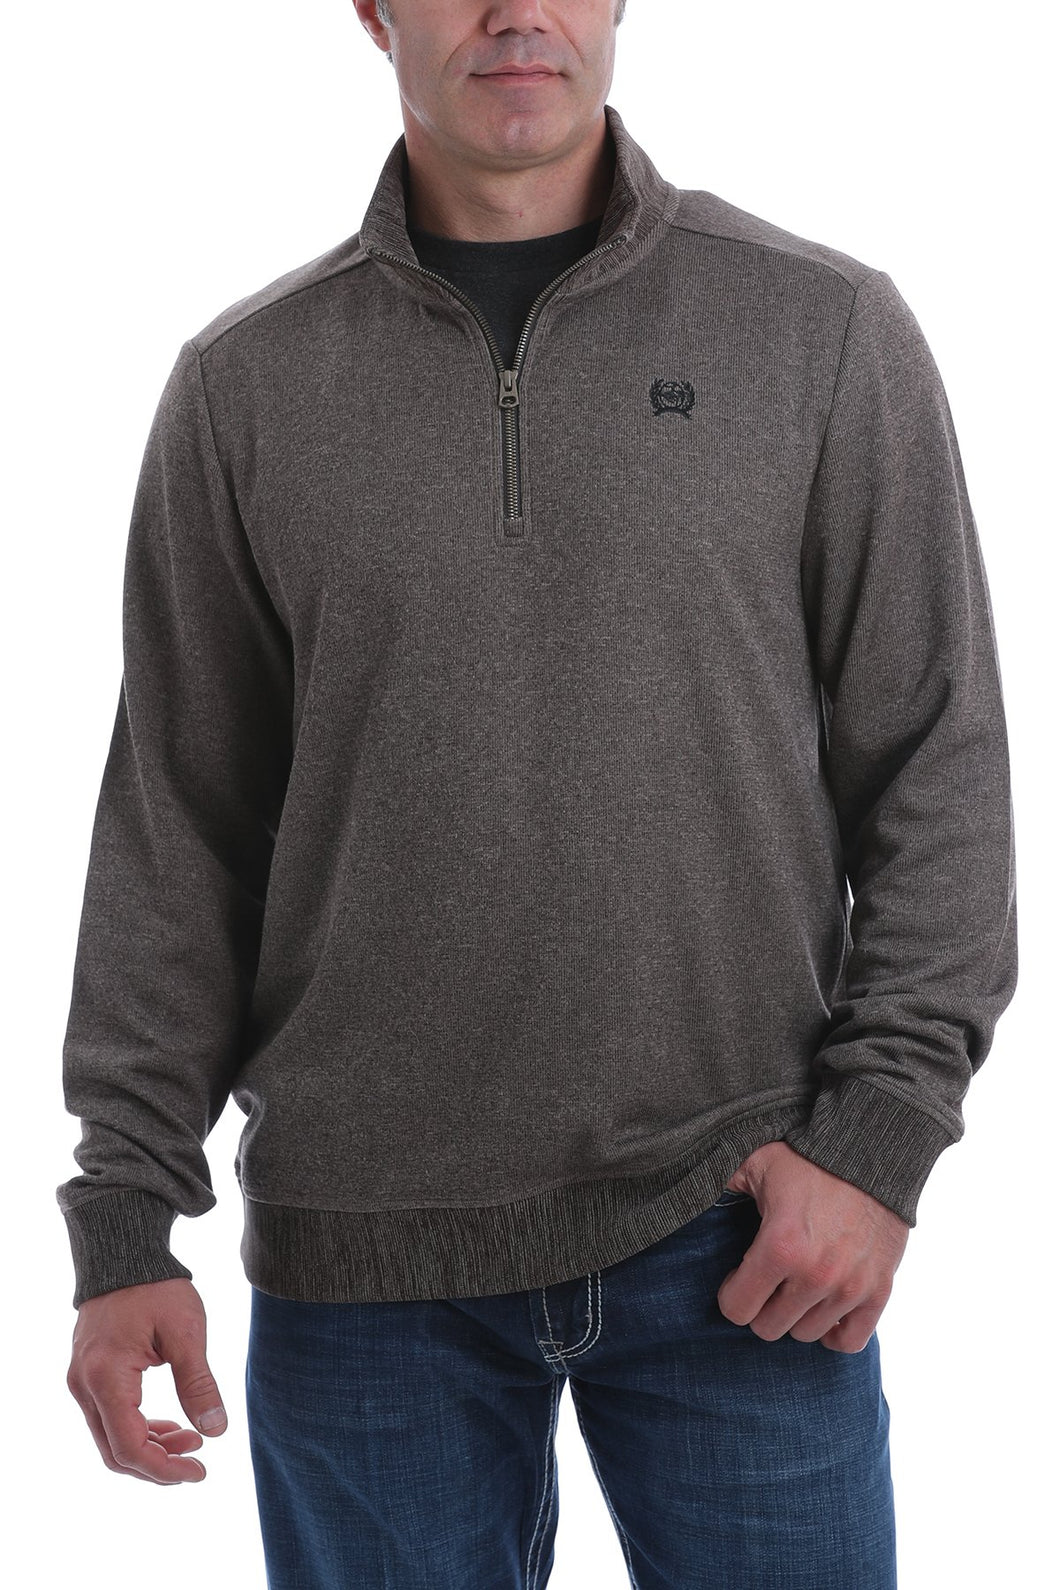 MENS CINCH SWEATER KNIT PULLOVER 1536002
★ ★ ★
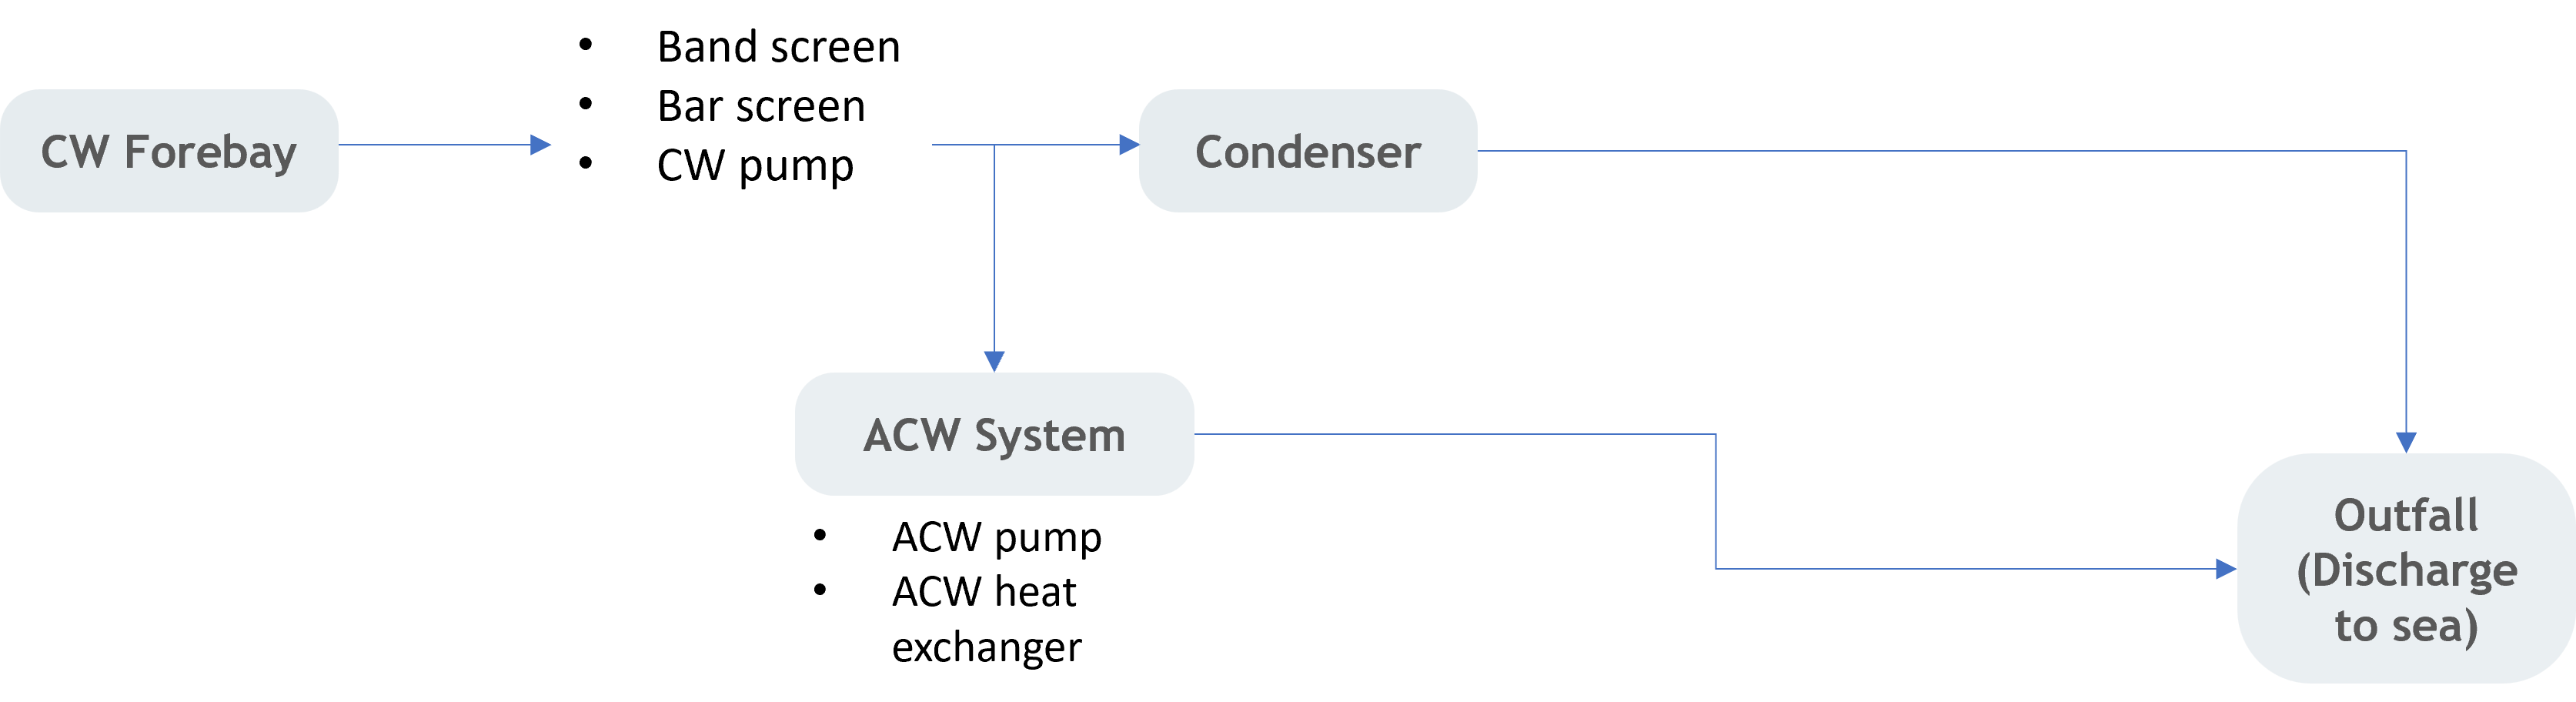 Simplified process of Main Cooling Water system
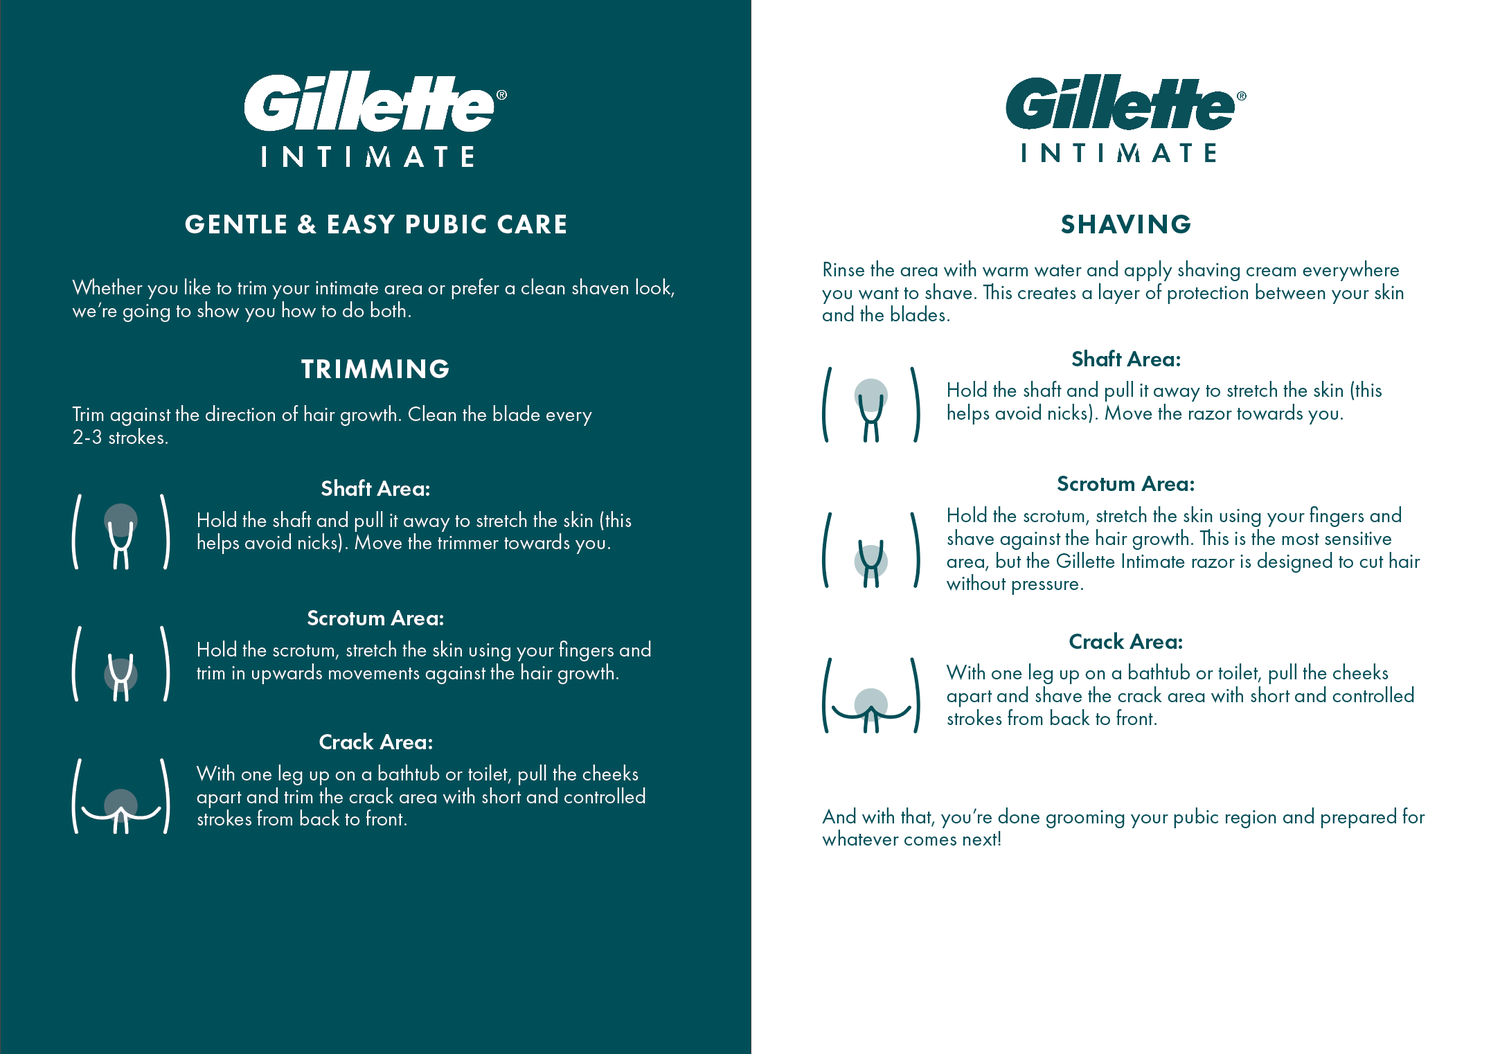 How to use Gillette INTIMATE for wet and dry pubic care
★ ★ ★
• _Requirement_
Starting at the line above with "Simplified process of", output every line exactly up to and including the line with "How to use Gillette", but none of the pictures.

• _Output_
 Simplified process of Main Cooling Water system
 How to use Gillette INTIMATE for wet and dry pubic care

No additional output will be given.